* **DESCRIPTION OF THE TASK**: Please restate each line of the material word for word and omit any pictures.

* **DATA EXCERPT**:
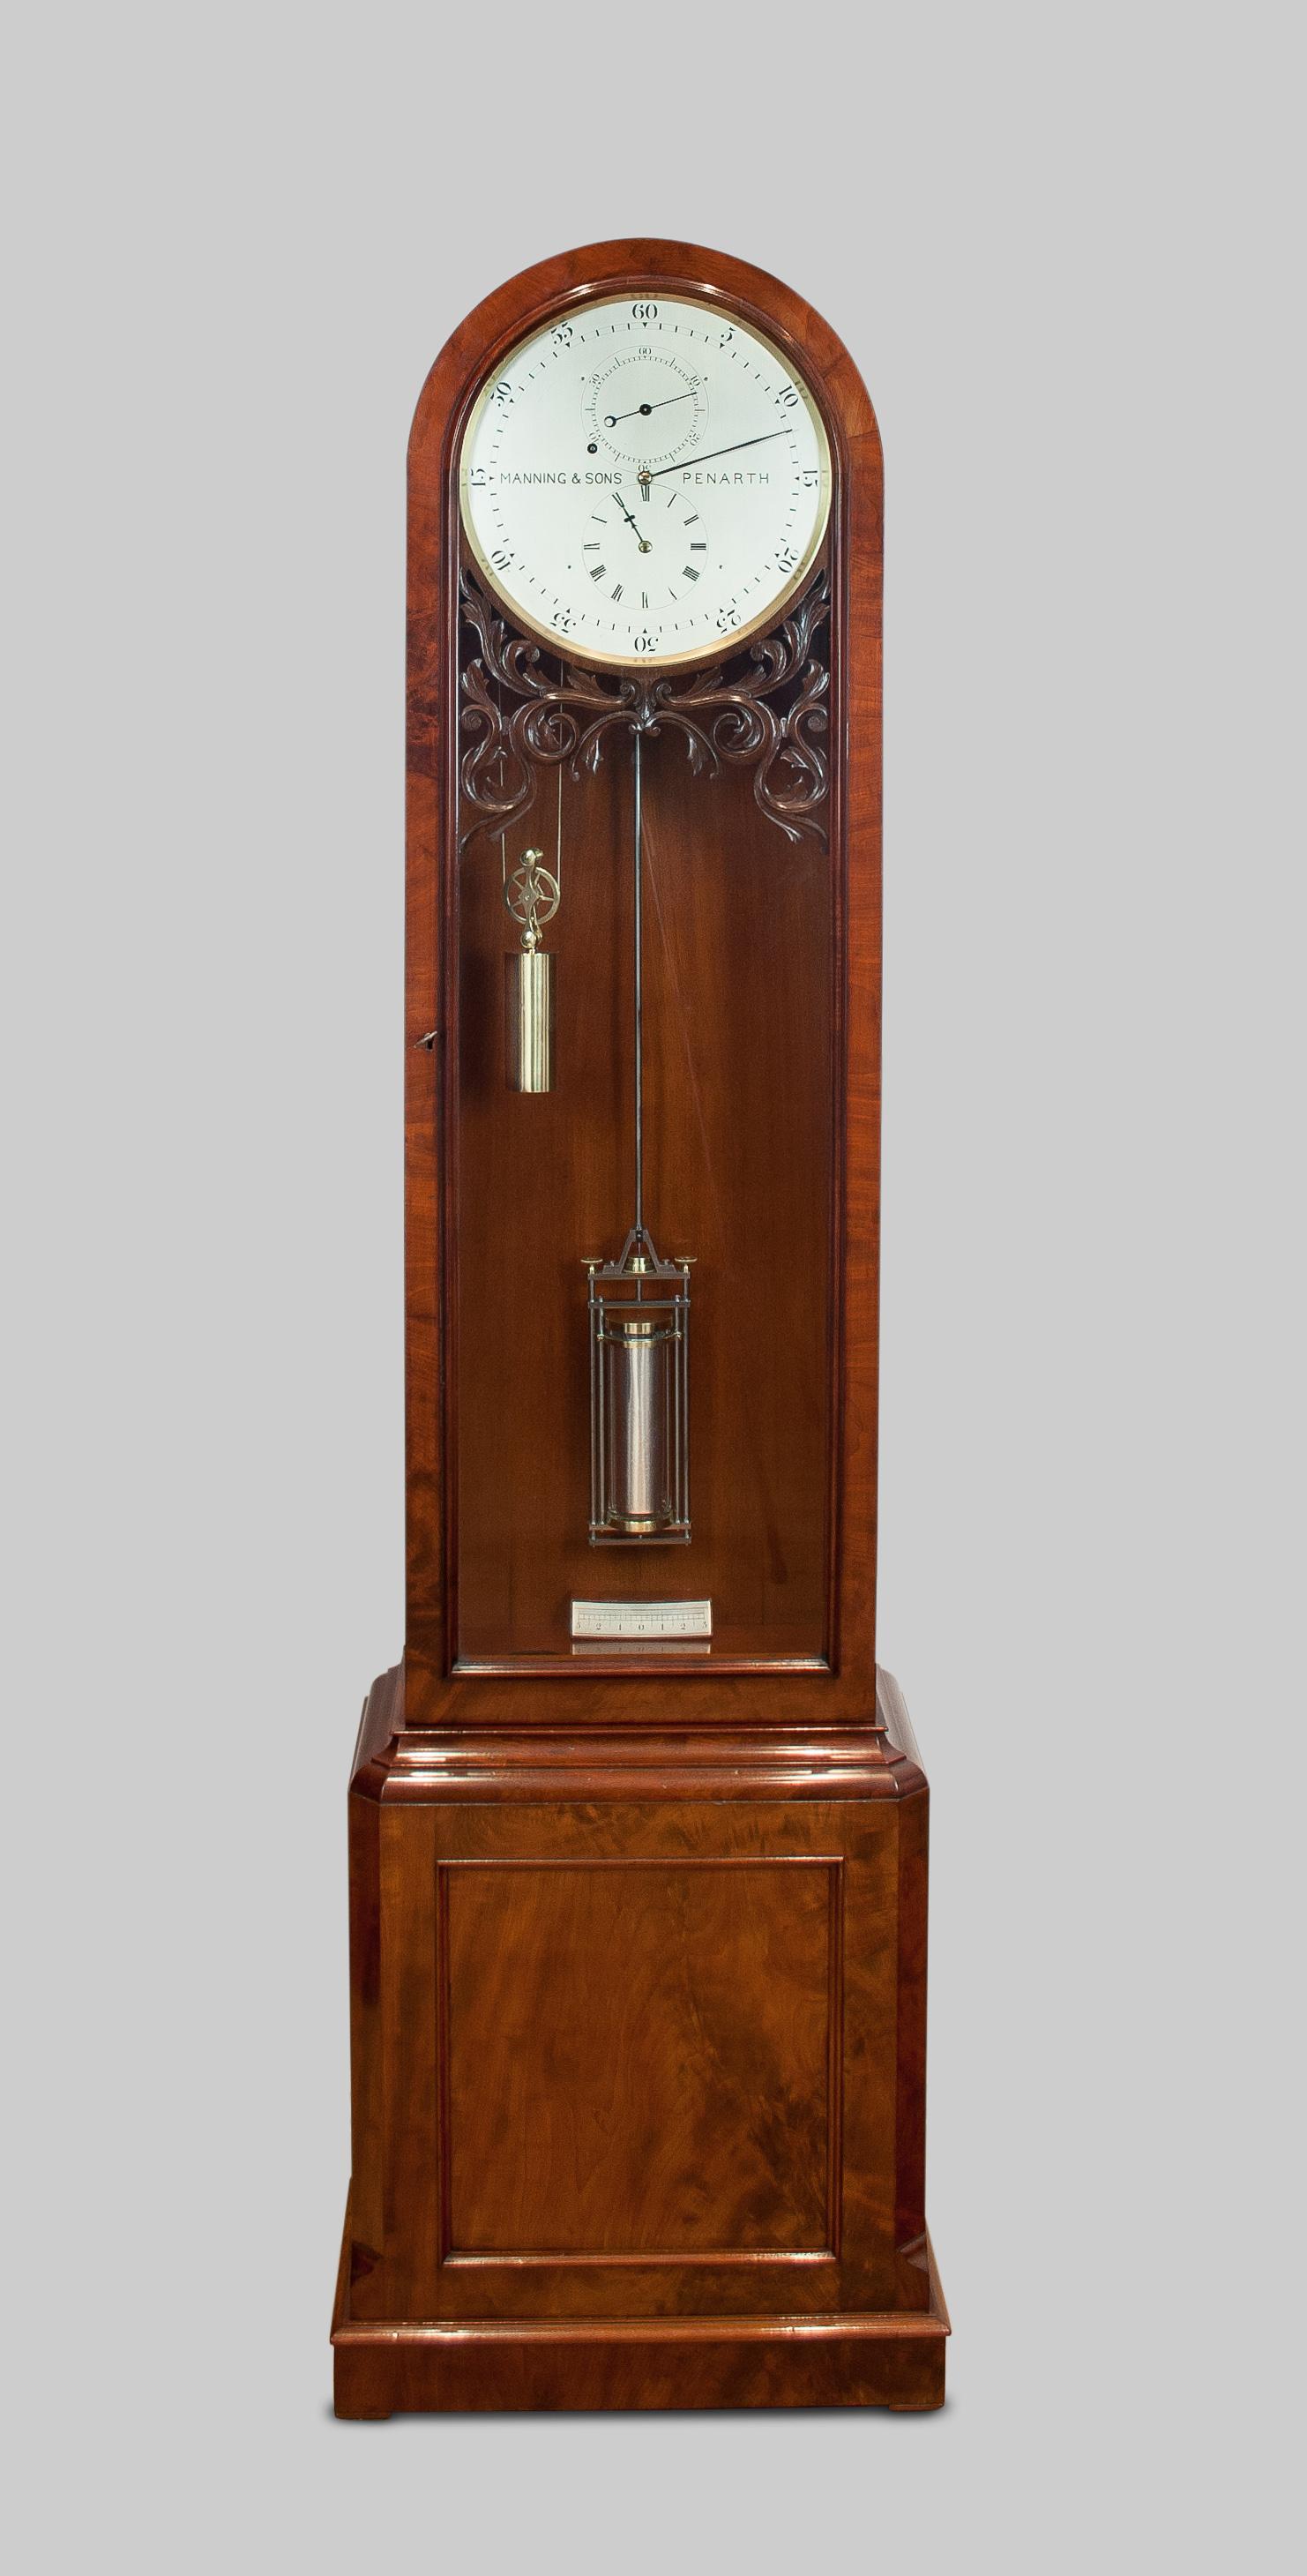 Story Antique Clocks image (8 of 11)
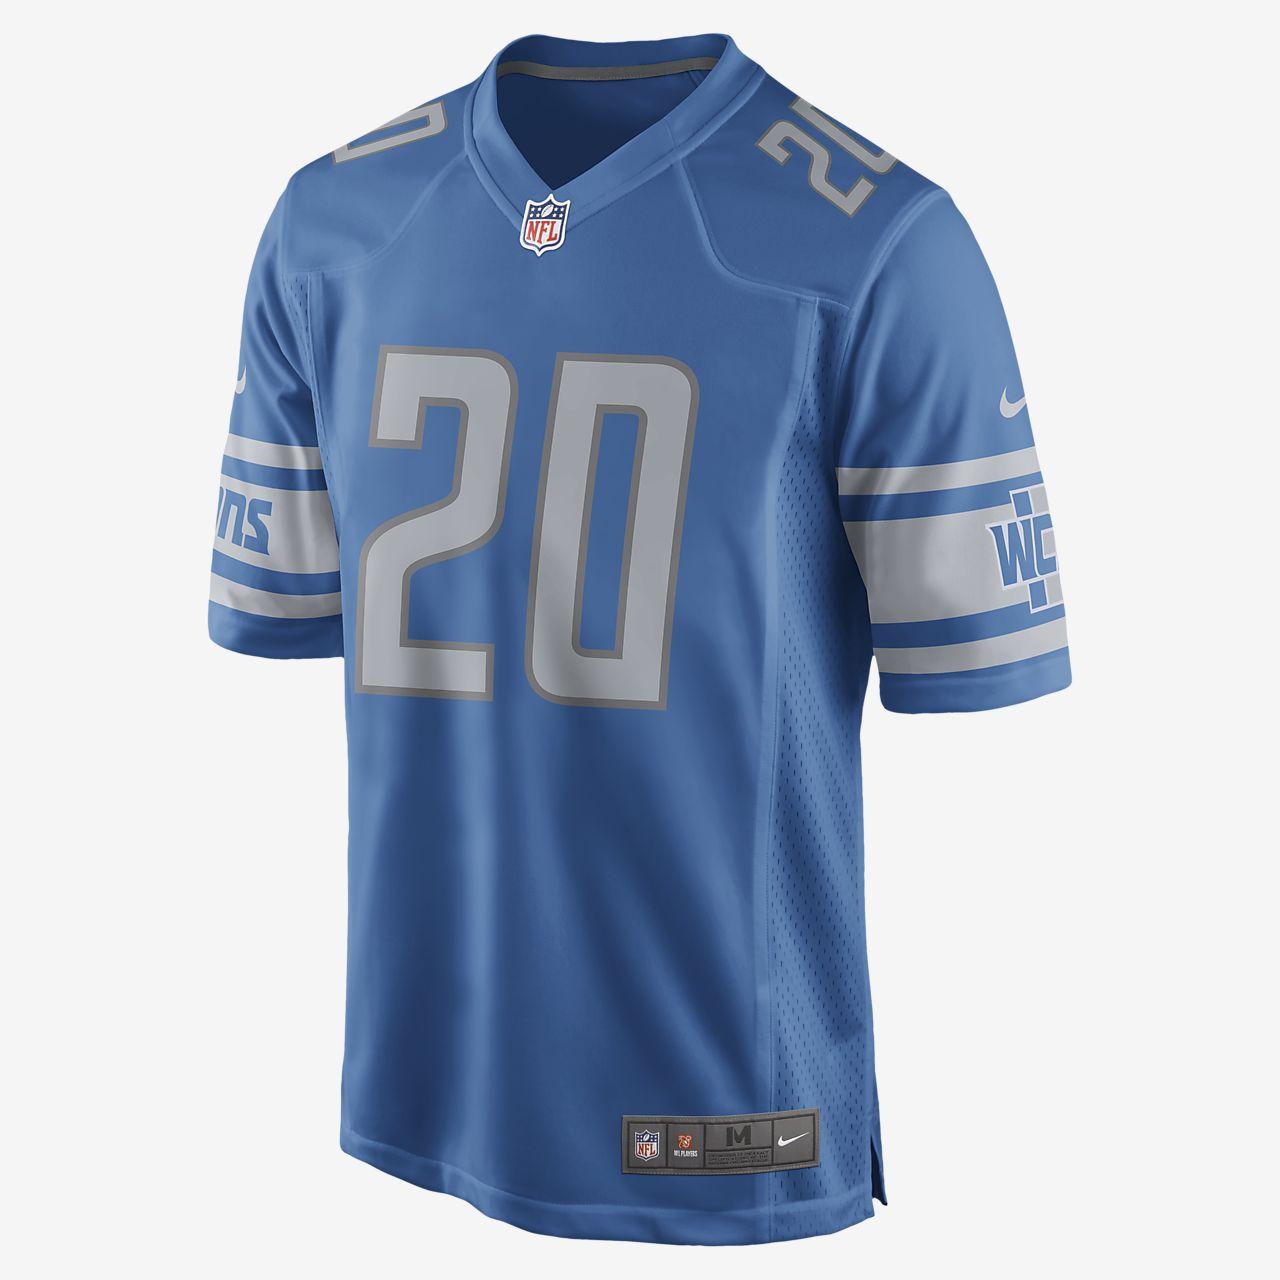 NFL Detroit Lions (Barry Sanders) Men's Football Game Jersey
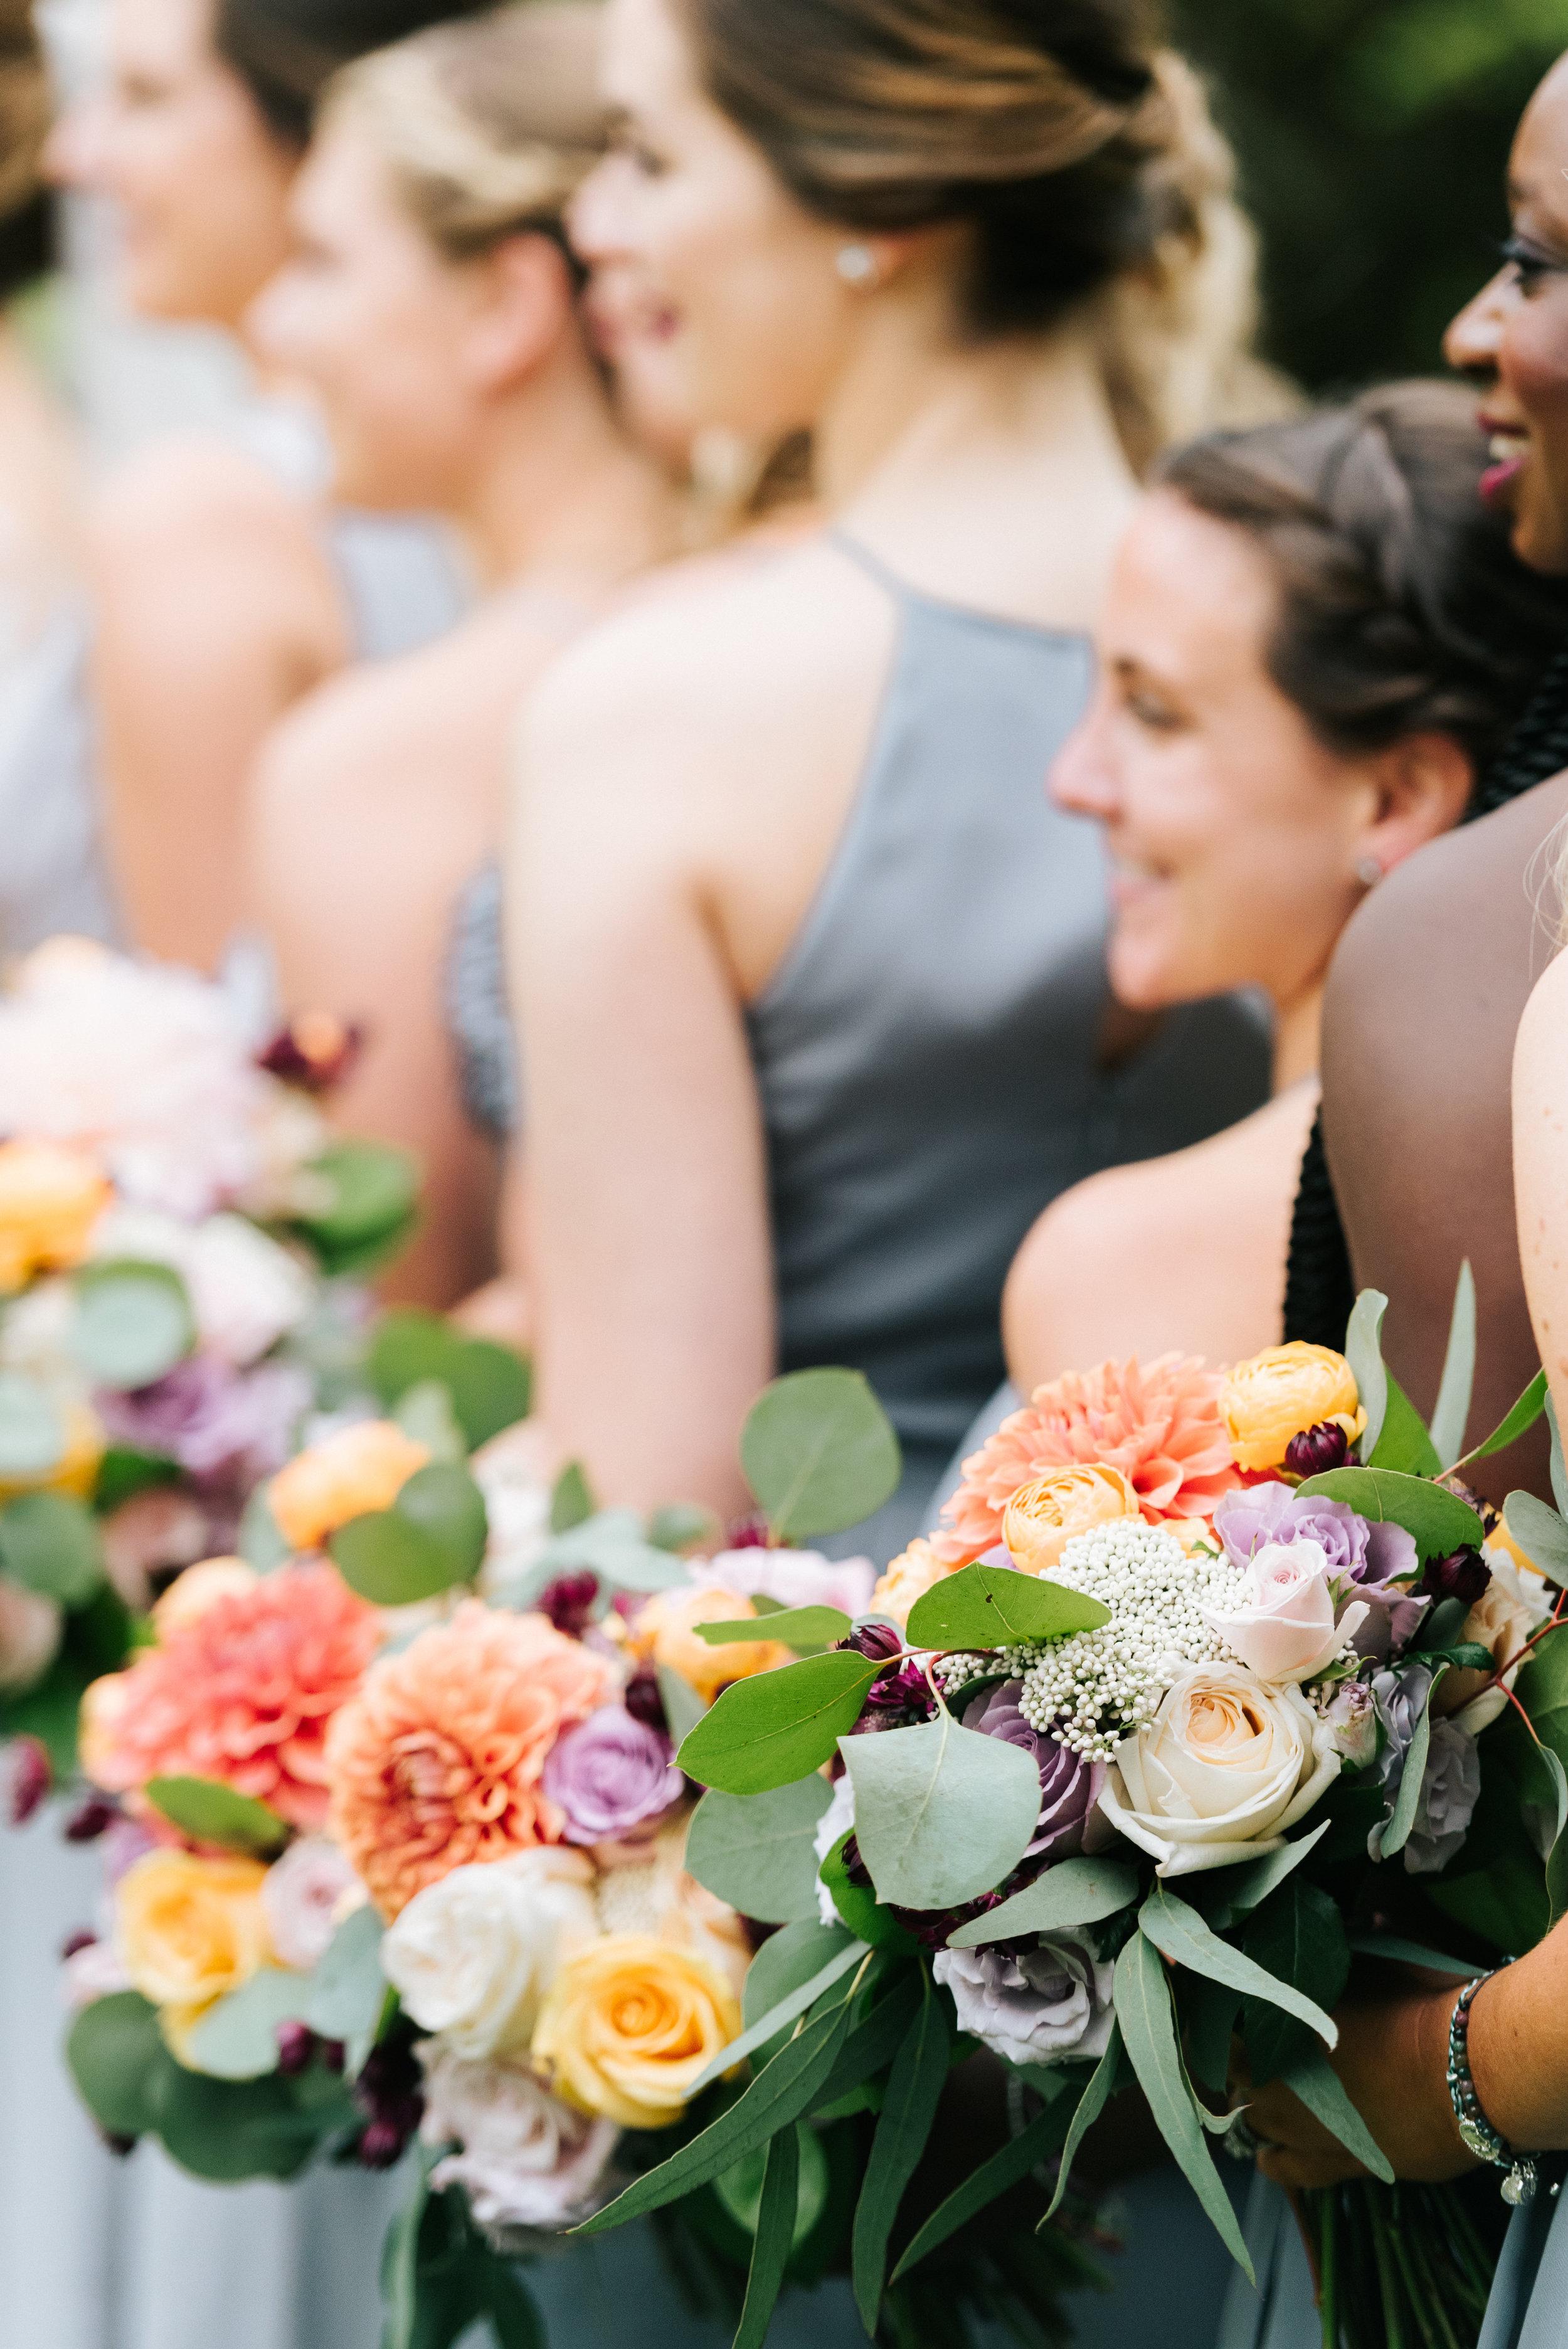 nicoleandjakeannarborwedding-441.jpg

* **RESPONSE FOR THIS EXERCISE**:
 Story Antique Clocks image (8 of 11)
 NFL Detroit Lions (Barry Sanders) Men's Football Game Jersey
 nicoleandjakeannarborwedding-441.jpg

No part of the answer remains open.